A histogram is also a graphic representation formed directly from a frequency distribution table, but a histogram is used to display a continuous measurement variable. A histogram is a display in which the horizontal (abscissa) axis is a continuous number line that represents the measurement scale of the variable of interest. These values on the x axis are grouped into equal intervals, and the number of observations in each interval are counted and displayed on the vertical (ordinate) axis. Graphically, a histogram is similar to a bar graph because the frequency is also represented by the height of a bar over the interval in question. However, the bars in a histogram must touch one another because of the continuous nature of the scale of measurement. Figure 14-2 shows the histogram for the continuous variable age (in years).
As required, the x axis is divided into equal intervals, namely 5-year intervals. The midpoint of each interval is displayed in the axis labels (40, 45, 50, etc.). The number of subjects belonging to each 5-year interval is displayed on the y axis. From this histogram, one can easily determine that these patients are seniors because the majority belongs to the age intervals older than 62.5 years.

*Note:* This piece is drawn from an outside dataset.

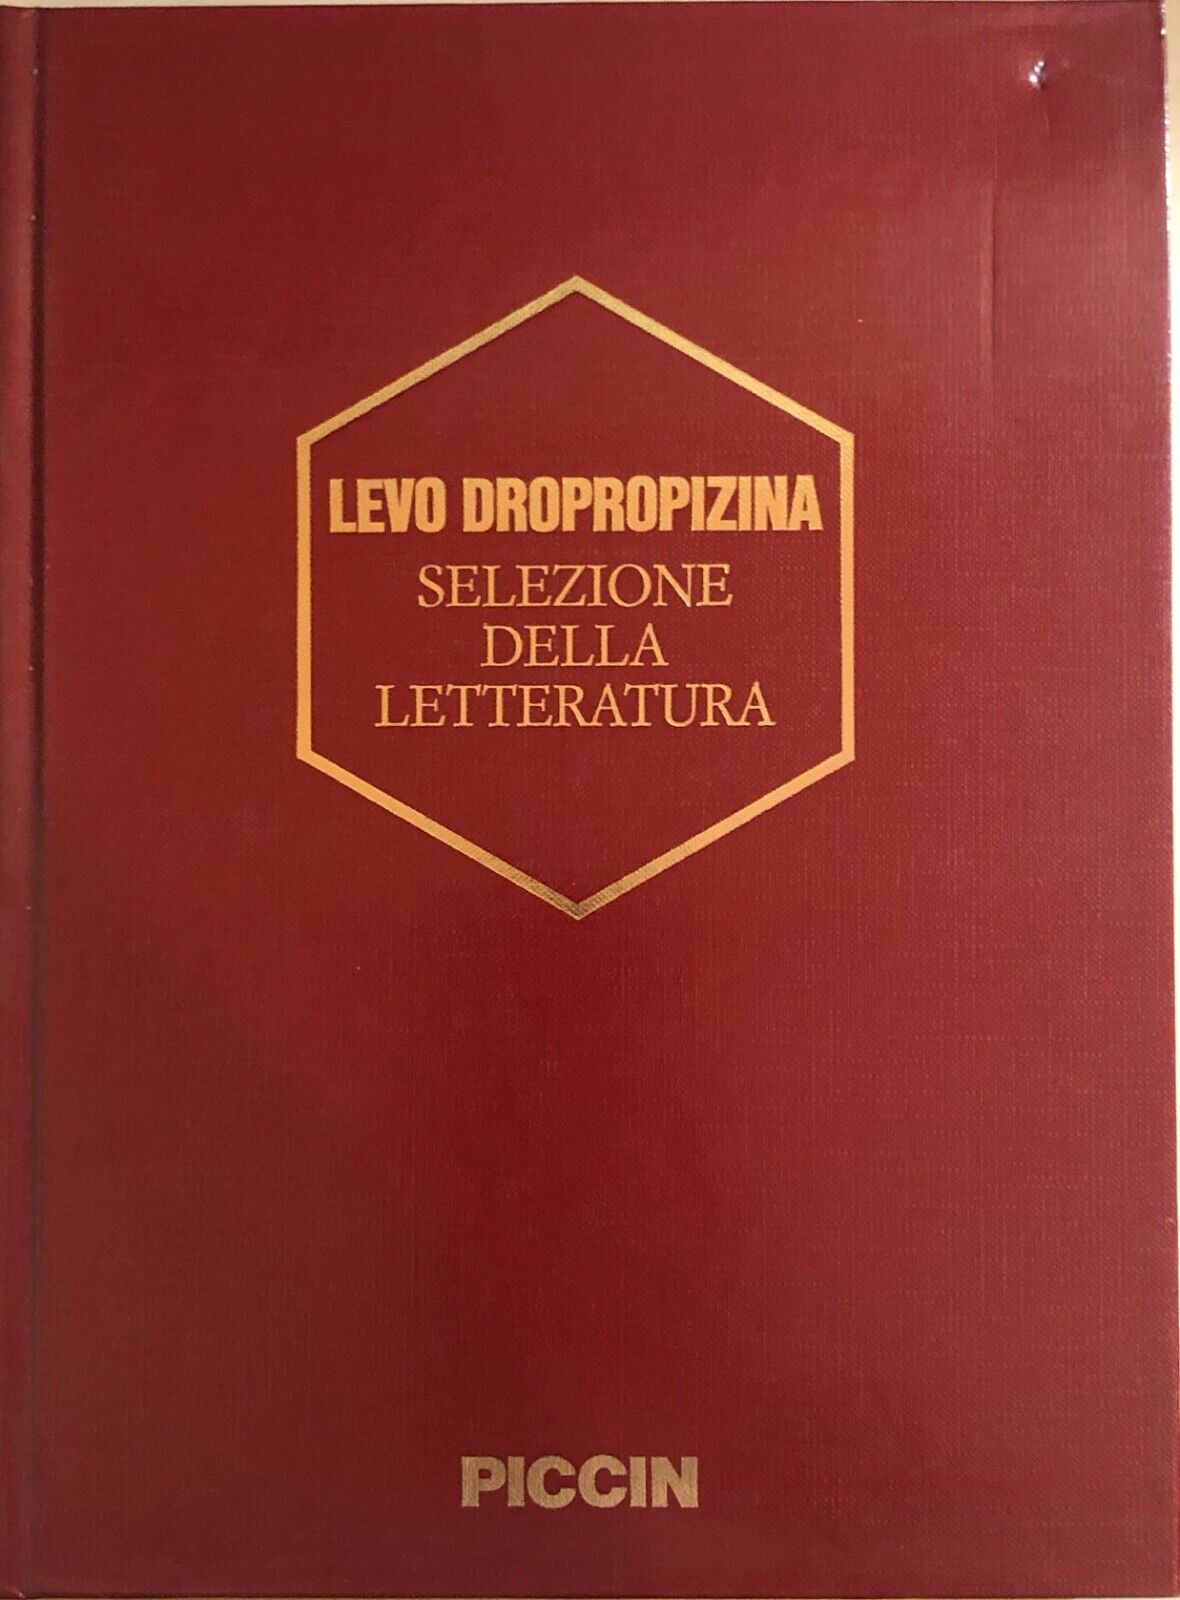 Levo Dropopizina di Aa.vv., 1990, Piccin

In addition to graphs, data are often summarized in tables. When material is presented in tabular form, the table should be able to stand alone; that is, correctly presented material in tabular form should be understandable even if the written discussion of the data is not read. A major concern in the presentation of both figures and tables is readability (Box 14-1). Tables and figures must be clearly understood and clearly labeled so that the reader is aided by the information rather than confused. The student is directed to standard biostatistics texts for a formal discussion on summarizing data in graphic and tabular form. Also, scientific writing style manuals generally contain discussions on the formal display of tables and graphs. It is also helpful to scan the existing literature for good examples of both graphs and tables.

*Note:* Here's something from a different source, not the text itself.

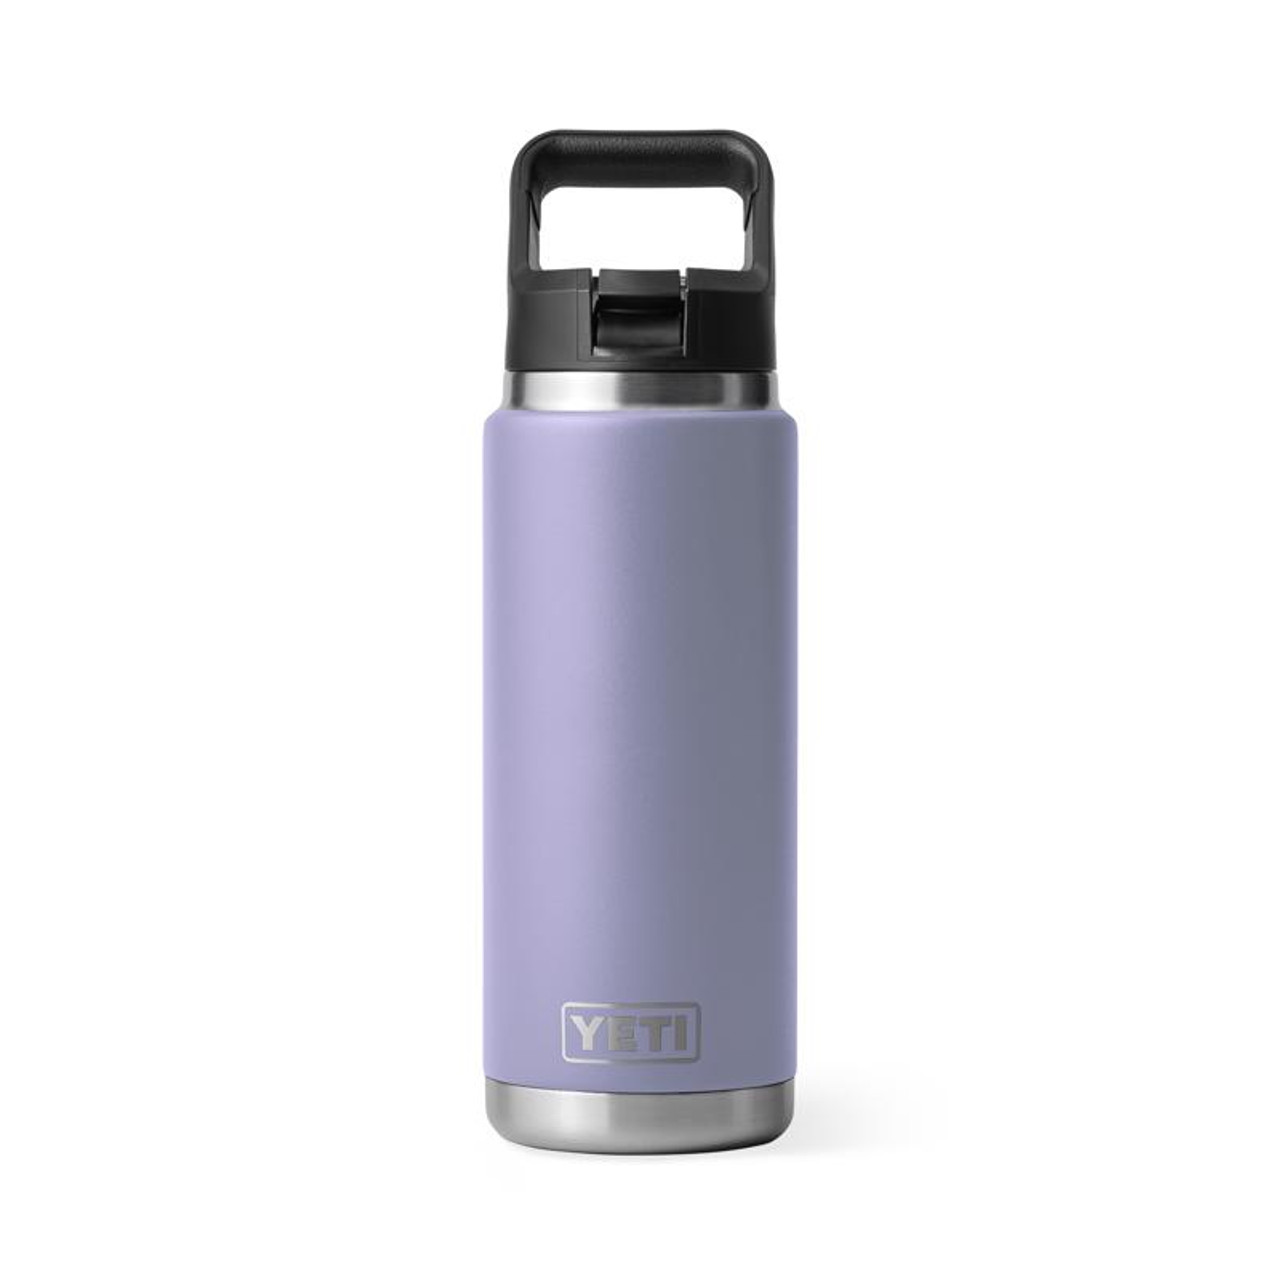 YETI Rambler Black BPA Free Bottle Chug Cap

Although graphs and frequency distribution tables can enhance our understanding of the nature of a variable, rarely do these techniques alone suffice to describe the variable. A more formal numerical summary of the variable is usually required for the full presentation of a data set. To adequately describe a variable’s values, three summary measures are needed:
The sample size is simply the total number of observations in the group and is symbolized by the letter N or n. A measure of central tendency or location describes the middle (or typical) value in a data set. A measure of dispersion or spread quantifies the degree to which values in a group vary from one another.

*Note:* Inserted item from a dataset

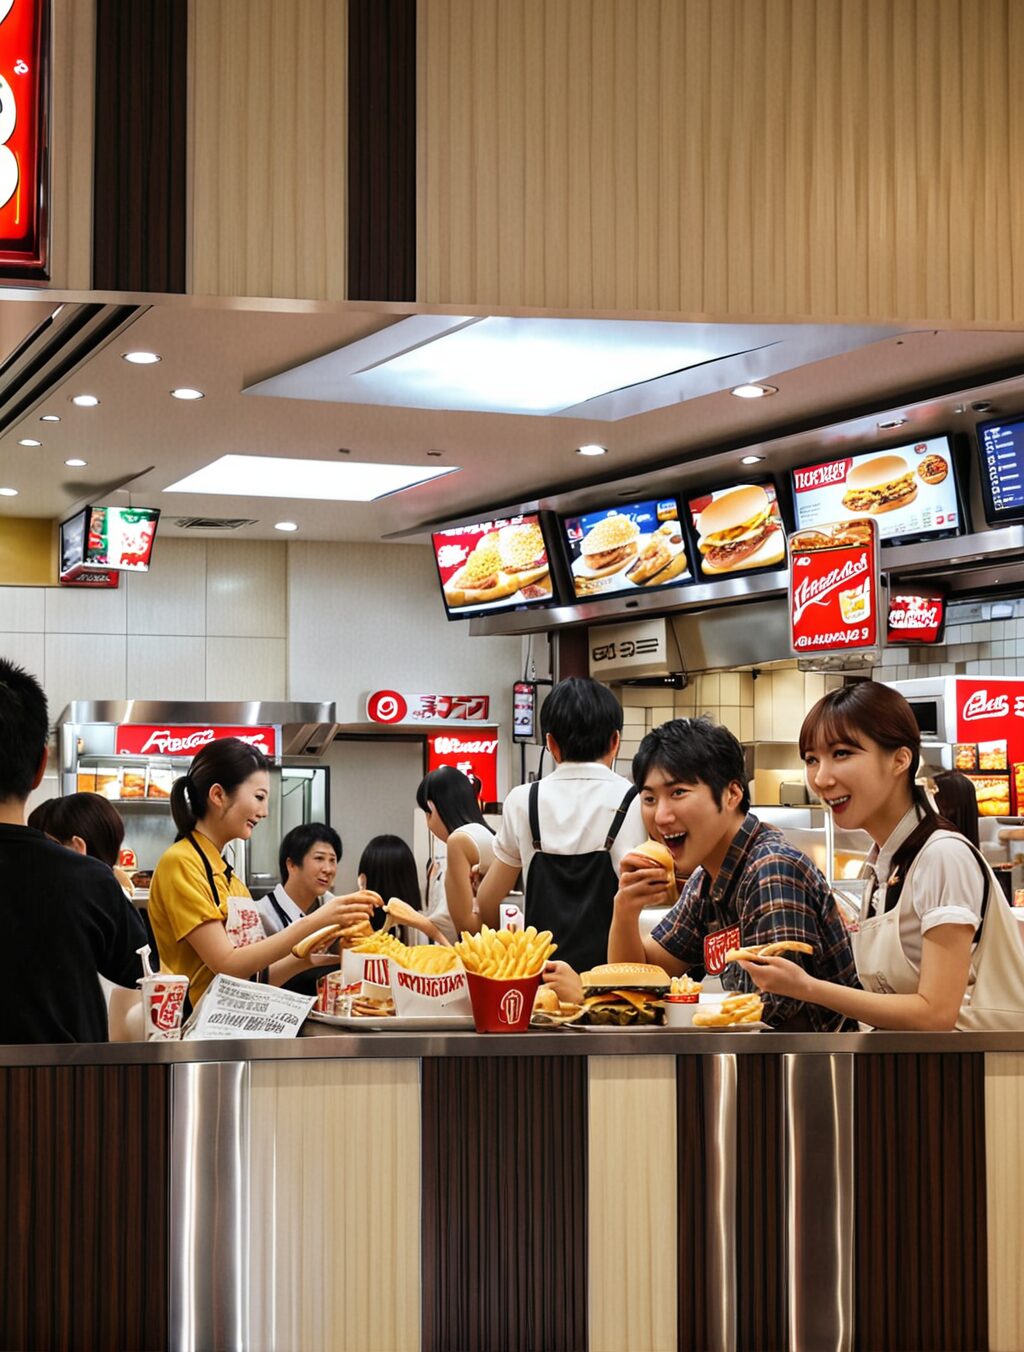 is american fast food popular in japan

The mode of a data set is that value that occurs with the greatest frequency. When two or more values have equally large frequencies, it is possible for a distribution to have more than one mode. For example, the distribution of scores in Table 14-1 has two modes, 77 and 81. Both occur with the equally high frequency of three. The primary value of the mode lies in its ease of computation and in its convenience as a quick indicator of the central value in a distribution. Beyond this, its statistical uses are extremely limited.